PARIS (AP) – During a single night shift this week, three new COVID-19 patients were rushed to Dr. Karim Debbat’s small intensive care unit in the southern French city of Arles. Its service now has more virus patients than during the first wave of the pandemic, and is rushing to create new intensive care beds elsewhere in the hospital to accommodate the sick.
Similar scenes are taking place all over France. COVID-19 patients now occupy 40% of ICU beds in the Paris region and nearly a quarter in ICUs nationwide, as several weeks of escalating infections among young people spread to vulnerable populations.

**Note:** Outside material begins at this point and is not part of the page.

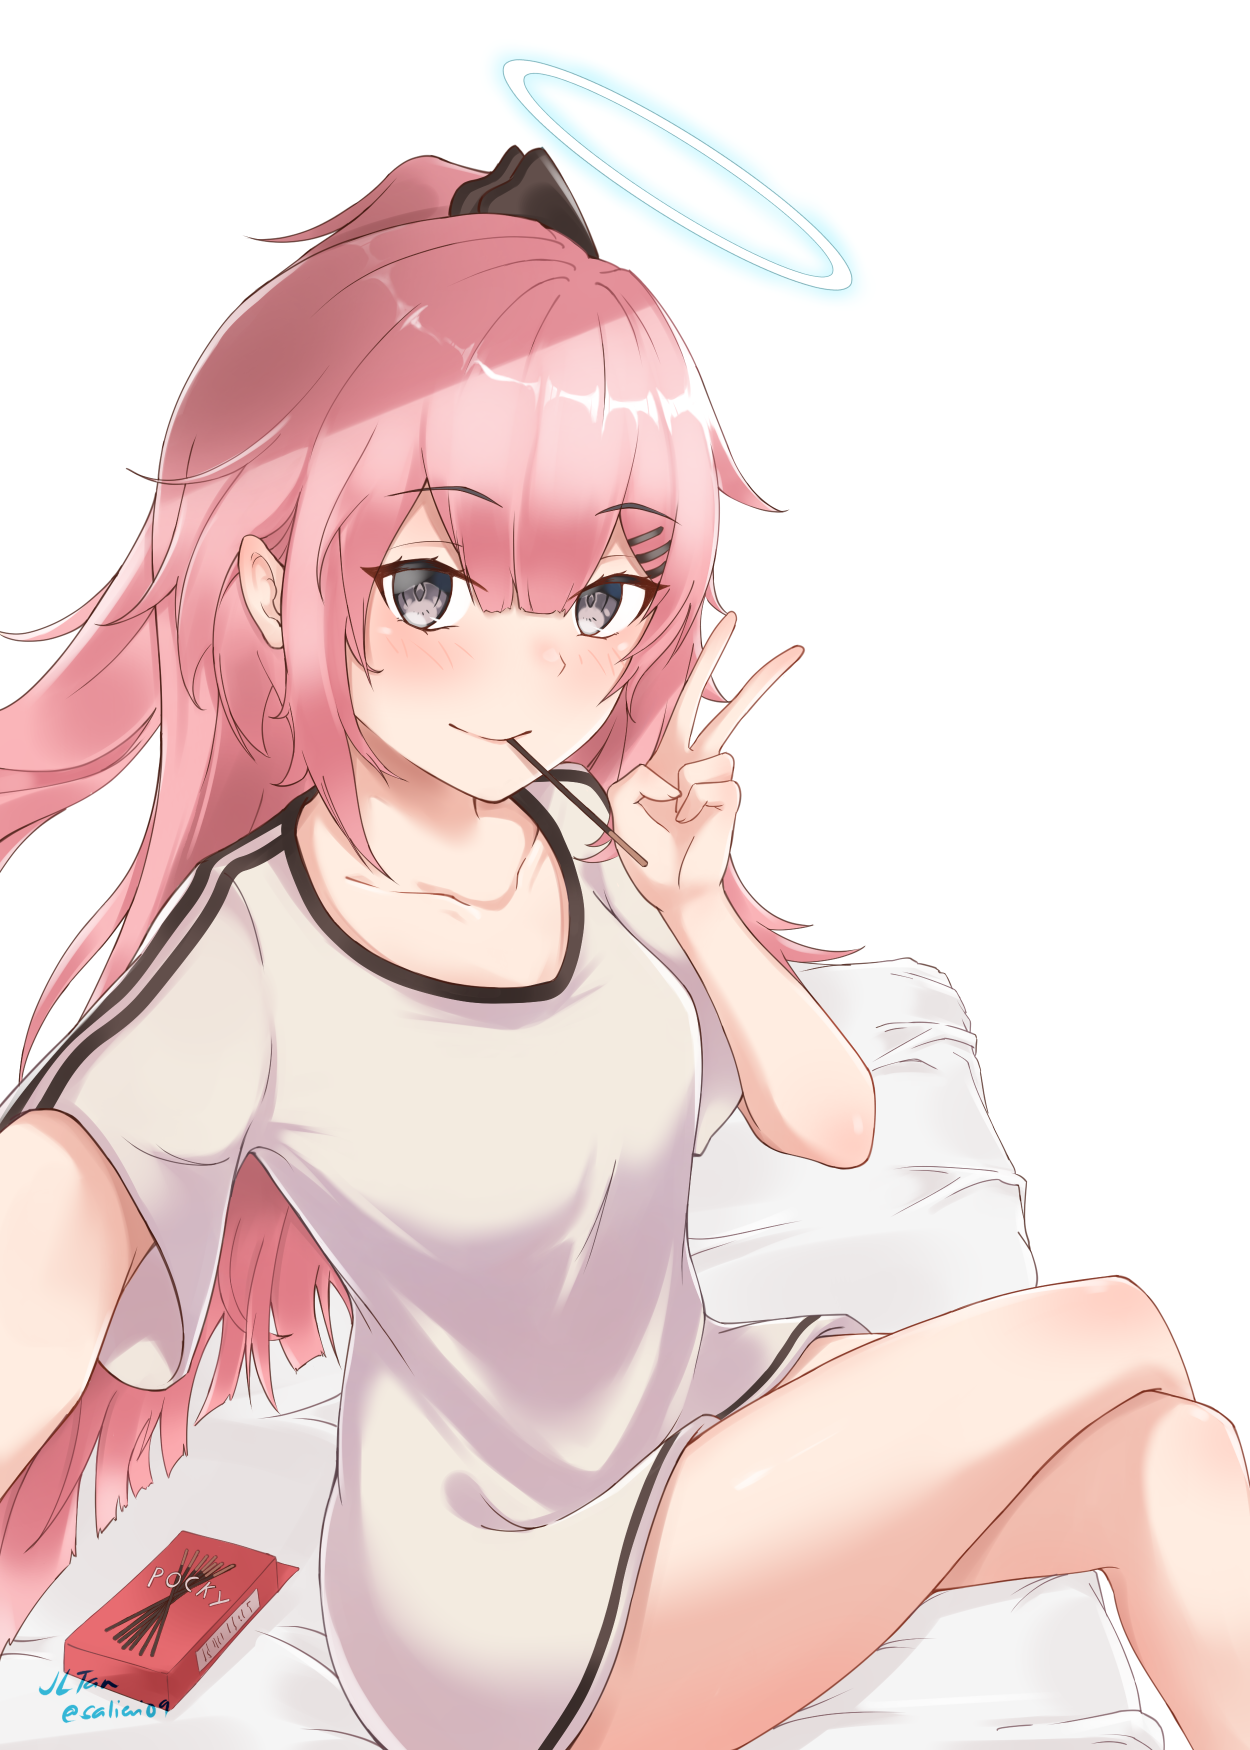 Anime 1250x1750 anime girls Arknights Ambriel (Arknights) pink hair smiling Jl Tan long shirt T-shirt gray eyes Pocky selfies peace sign hand gesture looking at viewer legs

Despite being one of the richest nations in the world ̵
“It’s very tense, we have no more places,” said Dr. Debbat to the Associated Press. His hospital is converting recovery rooms into intensive care units, delaying non-urgent surgery and increasingly directing its staff towards high-maintenance COVID patients. When asked about extra doctors to help with the new cases, he simply said, “We don’t have them. That’s the problem.”
When workers at the Paris public hospital protested this week, they confronted French President Emmanuel Macron to ask for more government investment, he said: “It’s no longer a question of resources, it’s a question of organization.”
He defended his government’s handling of the crisis and noted € 8.5 billion in investments promised in July for the hospital system. Protesting doctors said funds are too few and too slow to arrive, after years of cost cuts that have left France with half the number of ICU beds in 2020 it had in 2010.
Intensive care unit employment rates are seen as an important indicator of how saturated the hospital system is and how effective health authorities have been in protecting populations at risk.
And France’s numbers don’t look good.
It reported more than 18,000 new cases daily on Thursday, and virus patients now occupy 1,427 ICU beds nationwide, a figure that has doubled in less than a month. France’s overall intensive care capacity is 6,000, roughly the same as in March, according to national health agency data provided to the PA.
For comparison, Germany entered the pandemic with about five times as many ICU beds as France, which has an equally well-developed healthcare system and a slightly smaller population. To date, the confirmed death toll related to the virus in Germany is 9,584 compared to 32,521 in France.
Getting the right critical care capacity is a challenge. Spain ran short in the spring and expanded its permanent intensive care capacity by around 1,000 beds. Britain expanded critical care capacity by building emergency field hospitals. As they were barely used, the so-called Nightingale hospitals were taken out of service. However, the UK government says they can be reused if needed.
France added more makeshift beds in the spring – including some built by the military in the country’s first peacetime field hospital – and the health agency said French hospitals could possibly double critical care capacity if needed this fall. .
Compared to March and April, doctors say that this time the French ICUs are better armed, both with protective equipment and with more knowledge on how this coronavirus works. Doctors are now putting fewer patients on breathing machines, and hospitals are experts on how to reorganize their operations to focus on COVID-19.
The number of virus patients in intensive care has rapidly doubled last month in Strasbourg’s New Civilian Hospital, but the atmosphere is surprisingly calm. An AP reporter watched teams of doctors coordinate closely to manage each patient’s trajectory and treatment according to rigorous protocols they are accustomed to.
But this extra practice doesn’t mean handling recurring virus cases in intensive care units is easy. In addition to extra breathing machines and other equipment, adding temporary beds in the ICU also takes time and work, as does treating COVID-19 patients within them.
“The work is harder and takes longer” than most other patients, said Pierre-Yves, head of the intensive care unit at Laveran military hospital in Marseille. He was not allowed to be identified by his surname due to military policy.
Seven or more of its 47 collaborators are needed every time they slowly and carefully rotate a patient from back to stomach or vice versa. Getting in and out of the ward now involves a long and careful dance to change the equipment of the whole body and disinfect everything they touched.
Dr Debbat in Arles said ICU staff training takes several months, so he relies on the same staffing levels as in spring and fears they may run out.
“I’m like a coach and I only have one team, with no reserve players,” he said.
He also cares about virus-free patients, who had already been sidelined earlier this year. And he’s worried about the upcoming flu season, which sends around 2,000 patients to intensive care in France each year.
The head of the SOS Medecins emergency medical service, Serge Smadja, does not think France will face the situation again it saw in the spring, when more than 7,000 virus patients were in intensive care at the height of the crisis and nearly 10,000 infected people died. in nursing homes without ever reaching hospitals. But he said French public opinion and its leaders were wrong in thinking “the virus was behind us”.
“There aren’t enough beds … and there is mostly a lack of staff,” he said. And with his service that has seen a steady increase in cases and the pandemic continuing, he warned: “what is missing is an end date.”
Jean-Francois Badias in Strasbourg, France contributed to this story.